The Board also considered whether the amendment agreement was entered into “in connection with” the transaction. The Board noted that “in connection with” are ordinary words of the English language and must be given a common sense interpretation. The Board agreed with the hearings committee that if the words “in connection with” are given too wide meaning they would potentially catch any material agreement that may be “occasioned by” an offer or merger, for example to reflect a new corporate structure, and to require publication in full of numerous agreements of no significance to voting shareholders.

However, the Board considered that the amendment agreement in question was very different to the “run-of-the-mill” adjustments to commercial arrangements occasioned by the enlargement of the group, and was instead intimately connected with the transaction and designed to avoid the impact of the transaction on prior commercial agreements, which the Board considered to be an impact of very considerable importance.

Impact – the decision provides confirmation that a modification of existing commercial arrangements which is “intimately connected with a transaction” is likely to be regarded as in “connection with” the transaction and therefore, along with a description in the whitewash circular, offer document or scheme circular (as appropriate), trigger a requirement to publish the modification of such arrangements on the company’s website.

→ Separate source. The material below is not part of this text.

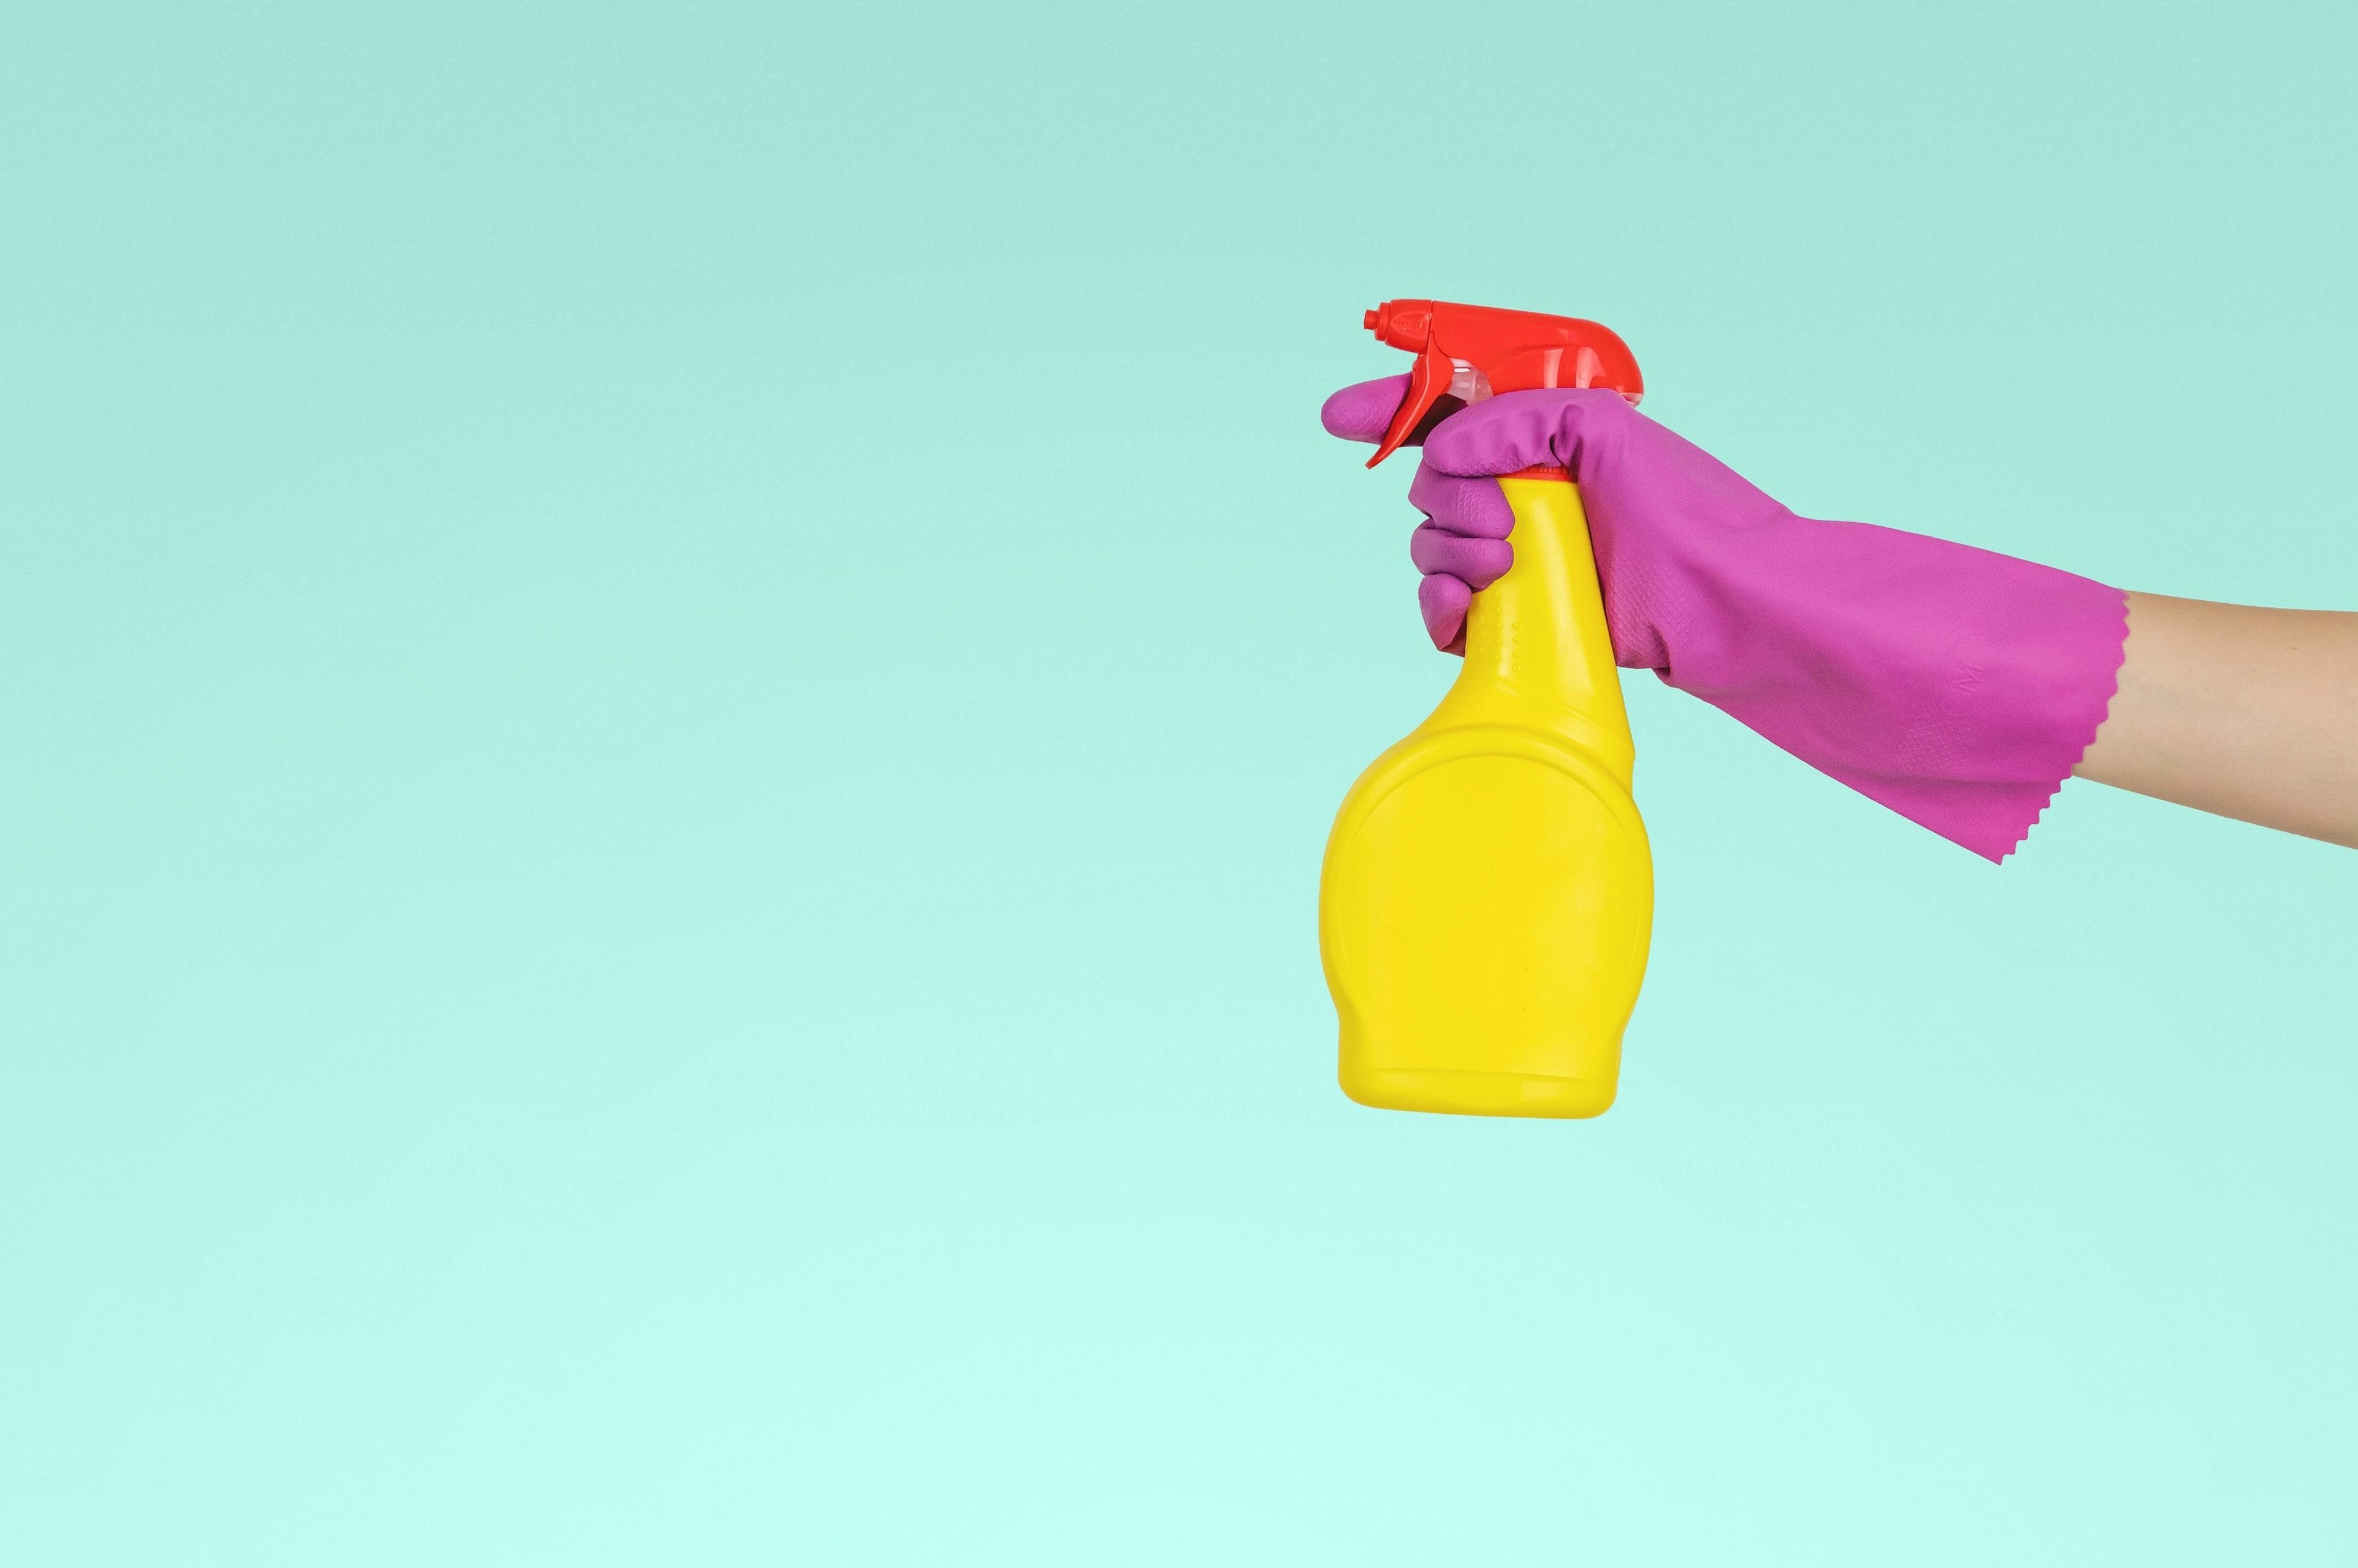 Hand in rubber glove holding a spray bottle of bleach

  • Following the FRC’s publication of the discussion paper “Improving the Quality of Reporting by Smaller Listed and AIM Quoted Companies” in June 2015 (as previously covered here), the FRC has this week published an  update to that paper. The update provides an overview of the feedback to the discussion paper and an update on decisions and progress against the proposals in the following key areas:
    • reporting requirements and practices;
    • audit practices; and
    • company governance and resources.
  • The European Commission has published several technical standards following the implementation of the Market Abuse Regulation 2016 (“MAR”). The Commission has now published a table that sets out all of the technical standards under MAR and their current state of play, including whether the standards have been published in the Official Journal.
  • The Investment Association has published the following guidance notes:

The Investment Association has amended its Principles of Remuneration following the implementation of the Market Abuse Regulation 2016 (“MAR”). The amendment was necessary because of the new definition for “closed periods” prescribed by MAR. The amendment relates to the timing of share awards, as covered by Section C.2.vii of the Principles of Remuneration, which now provides that “the rules of a scheme should provide that share or option awards should normally be granted within a 42 day period immediately following  the end of the closed period under [MAR]”.

The Investment Association has published guidelines on share capital management. The guidance sets out the expectations of The Investment Association’s members as institutional investors on various aspects of share capital, such as the allotment of shares, disapplication of pre-emption rights and share buy-backs. The guidance applies to companies whose shares are admitted to the premium segment of the Official List of the UK Listing Authority, but companies whose shares are admitted to the standard segment of the official list, to trading on AIM or to the High Growth Segment of the London Stock Exchange’s main market are also encouraged to adopt the guidance.